Download or read book Contentious Rituals written by Jonathan S. Blake and published by Oxford University Press. This book was released on 2019-02-25 with total page 248 pages. Available in PDF, EPUB and Kindle. Book excerpt: Throughout the world, divisive monuments, ceremonies, and processions assert and reinforce claims to territory, legitimacy, and dominance. These contested symbols and rituals strengthen and lend meaning to communal boundaries; confer and renew identities; and inflame tensions between groups, polarizing communities and, at times, triggering violence.
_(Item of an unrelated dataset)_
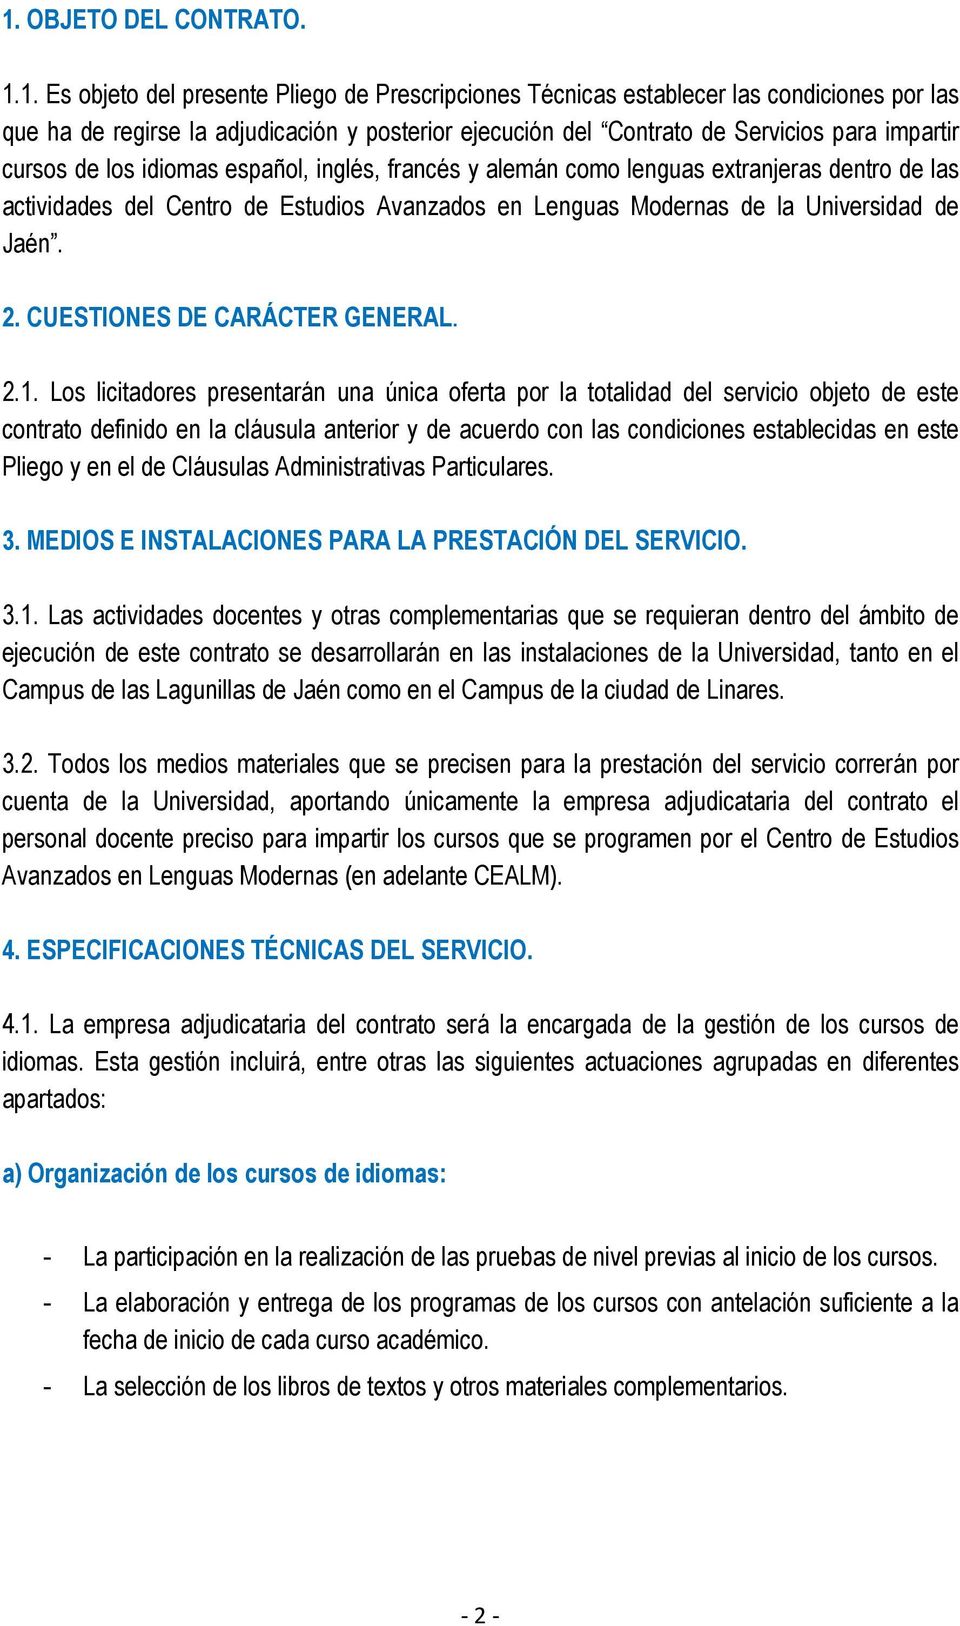 Universidad de Jaén. 2. CUESTIONES DE CARÁCTER GENERAL. 2.1.

In Contentious Rituals, Jonathan S. Blake focuses on one such controversial tradition: Protestant parades in the streets of Northern Ireland. Marchers say they are celebrating their culture and commemorating their history, as they have done for two centuries. Catholics see the parades as carnivals of bigotry and strident assertions of power. The result is heightened inter-communal friction and occasional violence. Drawing on over 80 interviews, an original survey, and ethnographic observations, Blake investigates why participants choose to march in parades that are known to be a primary source of sectarian conflict today. His analysis reveals their reasons for acting, the meanings supplied to them, and how they make sense of the contention that surrounds them. Ultimately, he discovers, many paraders are not interested in the politics of their actions at all, but rather in the allure of the action itself: the satisfactions of joining with others to express a collective identity and carry on a cherished tradition. An insightful exploration of the characteristics and dynamics of nationalism in action, Contentious Rituals offers an innovative approach to the contested politics of culture in divided societies and a new explanation for an old source of conflict in Northern Ireland.

Book Hitler s Religion

    Book Details:
  • Author : Richard Weikart
  • Publisher : Simon and Schuster
  • Release : 2016-11-22
  • ISBN : 1621575519
  • Pages : 347 pages

Download or read book Hitler s Religion written by Richard Weikart and published by Simon and Schuster. This book was released on 2016-11-22 with total page 347 pages. Available in PDF, EPUB and Kindle. Book excerpt: A book to challenge the status quo, spark a debate, and get people talking about the issues and questions we face as a country!